Chronic cholecystitis is a chronic inflammatory lesion that may be a sequela of repeated bouts of acute cholecystitis, and it is mostly associated with cholelithiasis. 1 The chronically inflamed gallbladder may show hyperplastic, metaplastic, and atrophic changes. The three important mucosal changes, namely hyperplasia, metaplasia, and dysplasia, are considered precursor lesions of malignancy. 2 Gallbladder malignancy, mostly adenocarcinoma, is the most common malignancy of the extrahepatic biliary tract and is more frequent in females than males (3 to 4:1 ratio). 2 Cholelithiasis is the most important risk factor (about 95% of cases) associated with carcinoma of the gallbladder. 2 Different types of metaplastic changes are seen in gallbladder epithelium in chronic cholecystitis. Various studies have been done and are ongoing to show different types of metaplastic changes and whether they have any role in the histogenesis of gallbladder adenocarcinoma. 1, 2, 3

Chronic cholecystitis is the most commonly encountered disease of the gallbladder, and the overwhelming majority of cholecystectomies are performed for chronic cholecystitis. 4, 5, 6 It is associated with cholelithiasis in more than 90% of the cases. Therefore, as with gallstones, there is a female predominance. Data regarding the prevalence of metaplastic changes in gallbladder epithelium in chronic cholecystitis and the types of metaplasia commonly seen in this part of the country are lacking. Different types of metaplastic changes like gastric metaplasia (foveolar type or antral type) and intestinal metaplasia are seen in chronic cholecystitis, not observed in normal mucosa. Moreover, squamous metaplasia is rarely found in the mucosa of chronic cholecystitis but not seen in the normal gallbladder. Helicobacter pylori, a helical-shaped gram-negative microaerophilic bacterium, is commonly found in the stomach. 7 It infects the stomach, affecting about two-thirds of the world’s population and about 30% to 40% of people in the United States. H. pylori causes chronic inflammation in the stomach (gastritis) or duodenitis. It also causes gastric cancer or a rare type of stomach lymphoma. Helicobacter species can be detected in bile and gallbladder tissue of patients with benign gallbladder disease. Bile-resistant Helicobacter species like H. hepaticus, H. bilis, H. pullorum, and H. gannmani have been discovered in humans and also in animals. There has been no significant advancement in research works in this area due to the lack of gold-standard diagnostic methods for these organisms in bile, although a few published works have shown a strict association between Helicobacter and gallbladder disease. 7 Identification of H. pylori by DNA PCR assay showed that H. pylori was identified in hepato-biliary mucosa including gallbladder, bile duct, etc. 8 Maurer et al. reported that a mouse model of cholelithiasis was induced by infection with enterohepatic Helicobacter species; studies by other observers showed that the prevalence of H. hepaticus infections in samples from patients with gallstones or cholecystitis was higher than in samples from patients with other diseases.
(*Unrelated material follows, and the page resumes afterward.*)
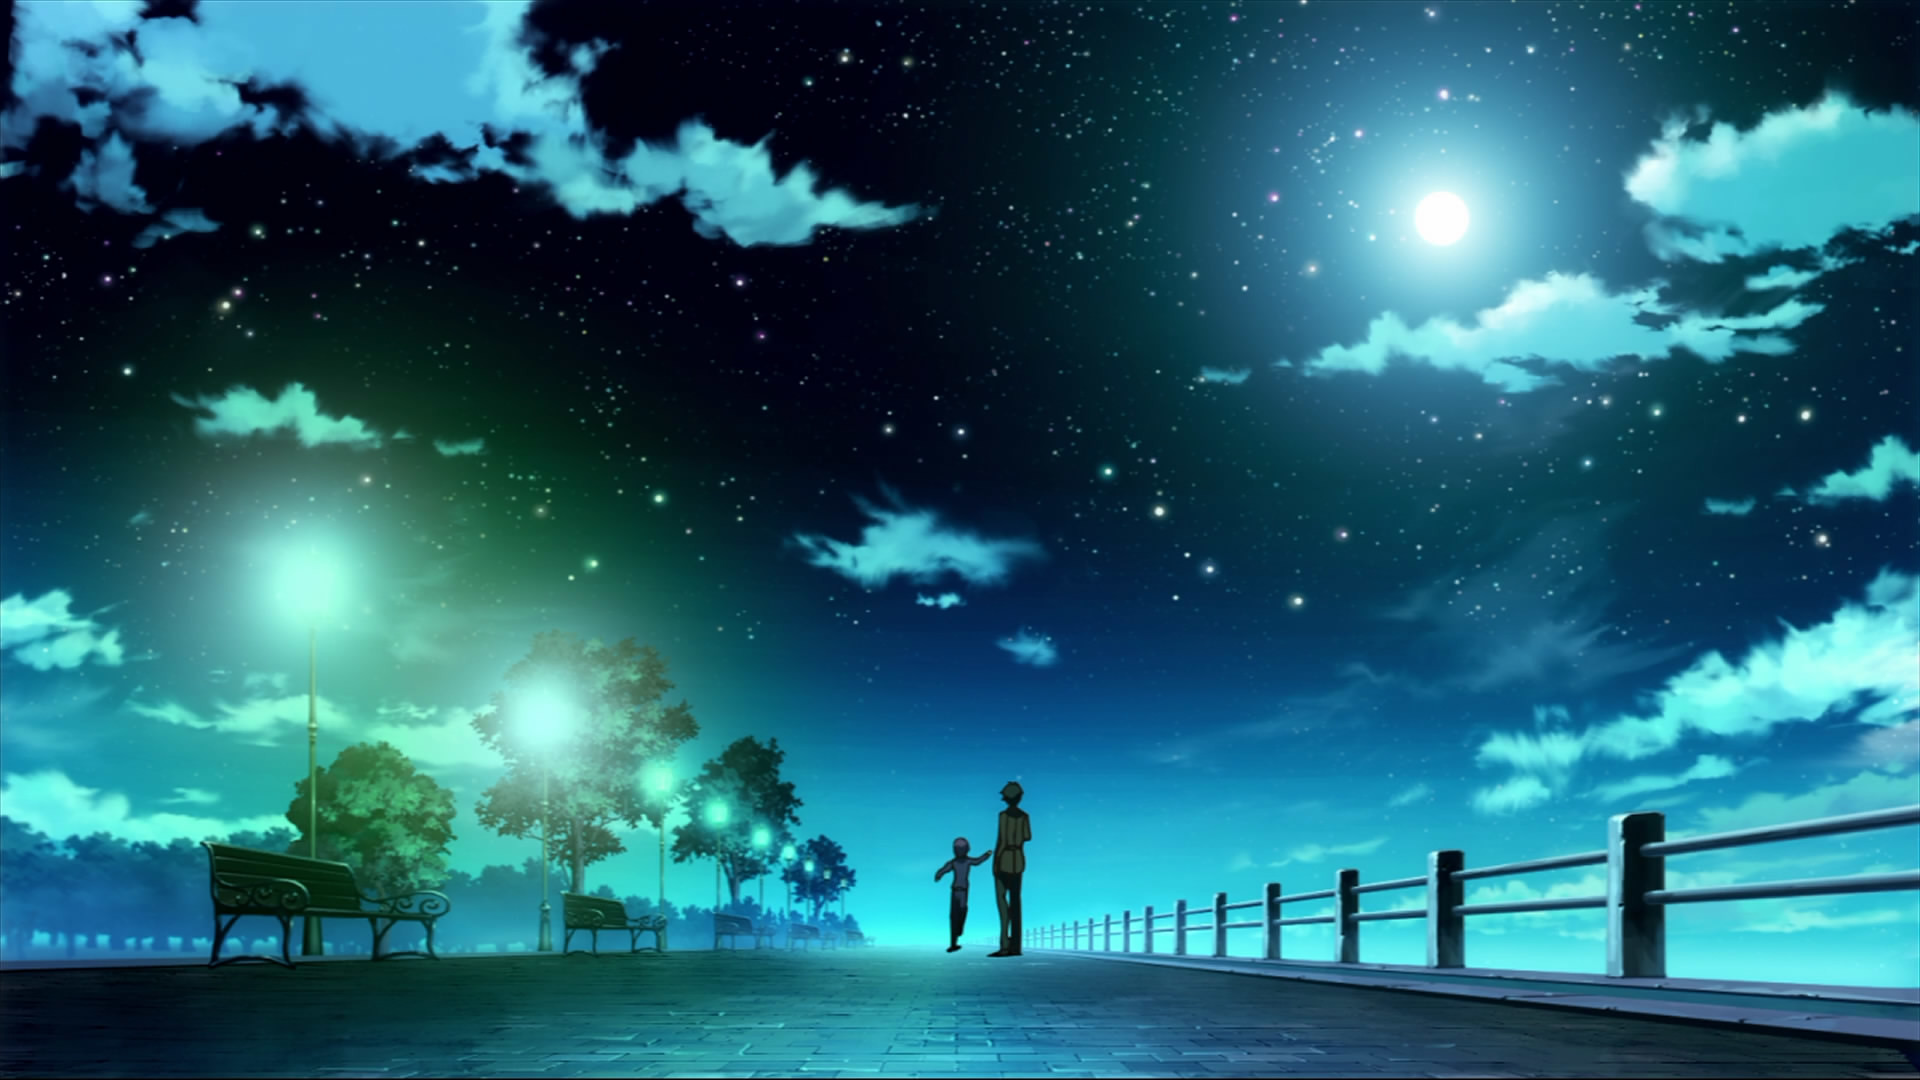 1920x1080 Search Results for “anime night sky wallpaper hd” – Adorable Wallpapers

A meta-analysis of some published work has shown a strong association between Helicobacter and gallbladder disease. 7

The present study was conducted to observe the correlation between chronic cholecystitis and the presence of Helicobacter Pylori as well as different types of metaplastic changes in gallbladder mucosa.

METHODS

The study was conducted at the Department of Pathology and General Surgery at a tertiary care medical college and hospital in eastern India. The study period was from April 2021 to March 2022. It was a descriptive, observational study with a cross-sectional design.

Study Population: Patients of all age groups and both sexes who underwent cholecystectomy were provisionally included in the present study after explaining the study and obtaining informed consent.
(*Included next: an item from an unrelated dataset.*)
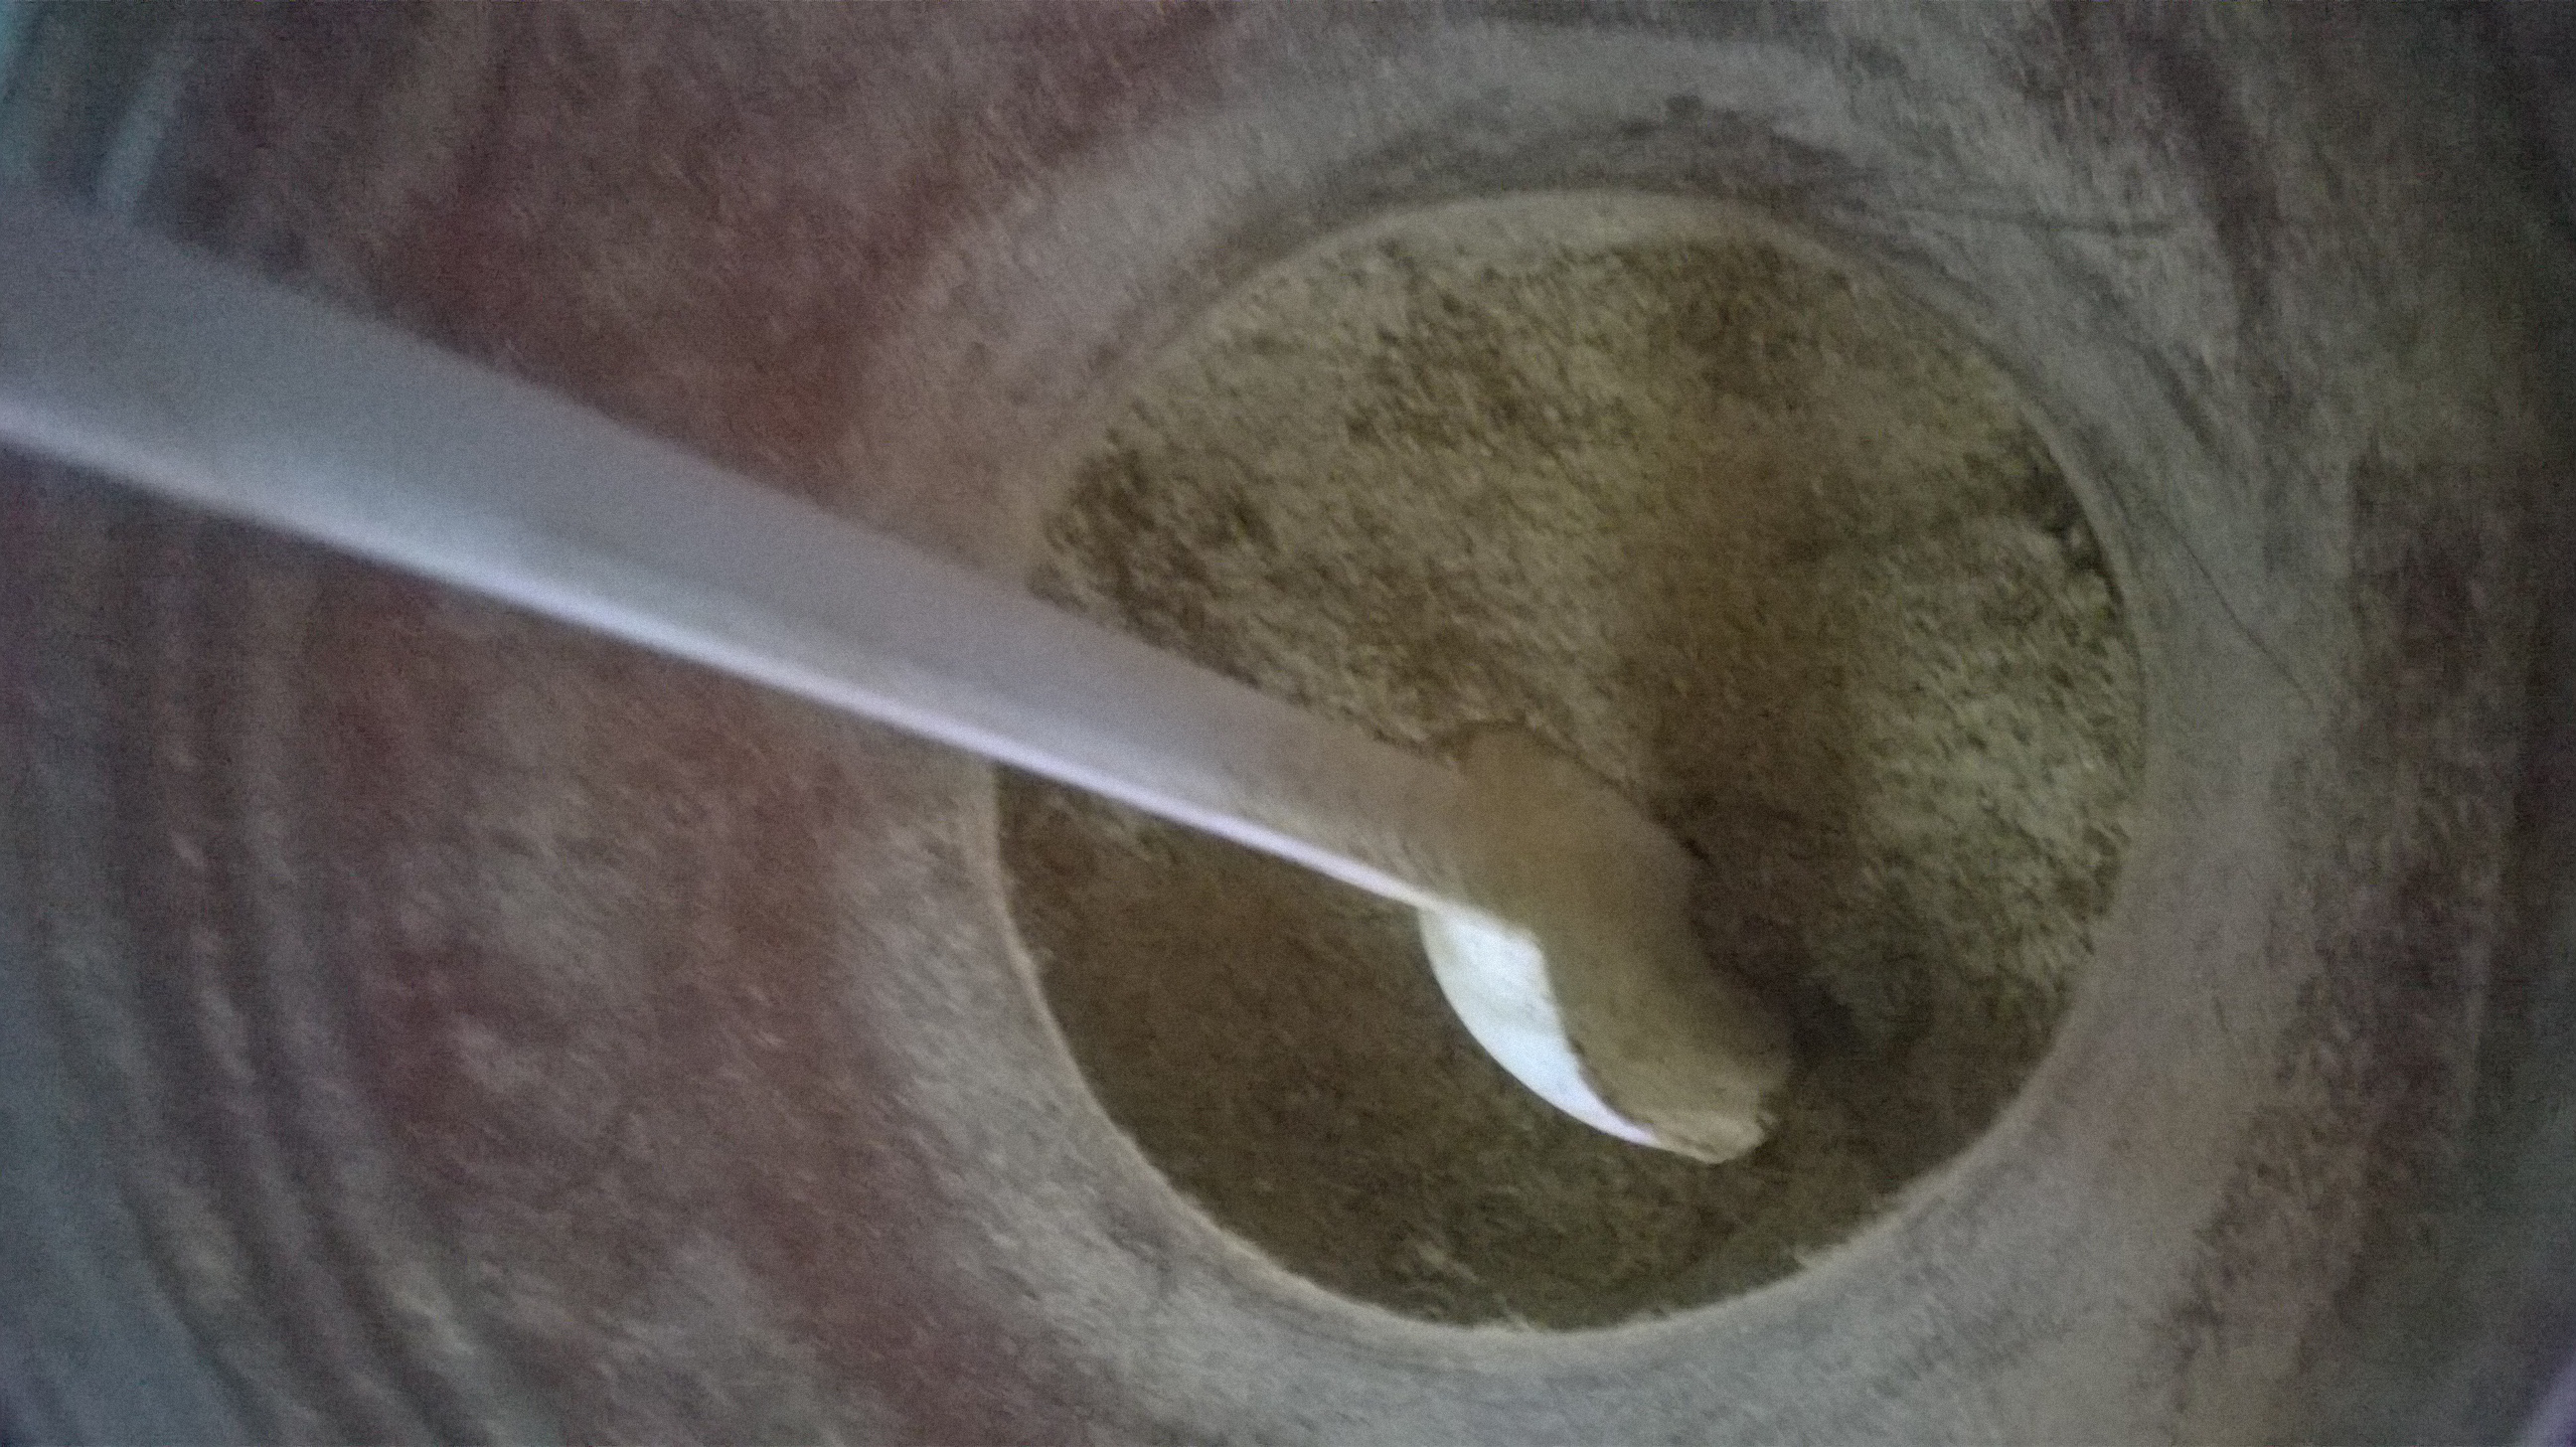 HomeMadeStayFitHerbalPowder for better Digestion which relieves Gas and Constipation

Inclusion Criteria: All confirmed cases of chronic cholecystitis with or without cholelithiasis were included in the study.

Exclusion Criteria: All patients who underwent cholecystectomy due to carcinoma gallbladder, cholelithiasis without chronic cholecystitis, mucocele of the gallbladder, and porcelain gallbladder were excluded from the study.

A total of 194 patients fulfilled the inclusion criteria and gave valid consent to participate in the study. Specimens of gallbladder were collected after cholecystectomy and received at the Department of Pathology. These specimens were examined grossly, sections were stained with Haematoxylin and Eosin (H&E), Periodic Acid Schiff (PAS), Alcian Blue (AB) (pH 2.5), combined Alcian Blue-Periodic Acid Schiff, Giemsa, and Warthin-Starry stain (WS).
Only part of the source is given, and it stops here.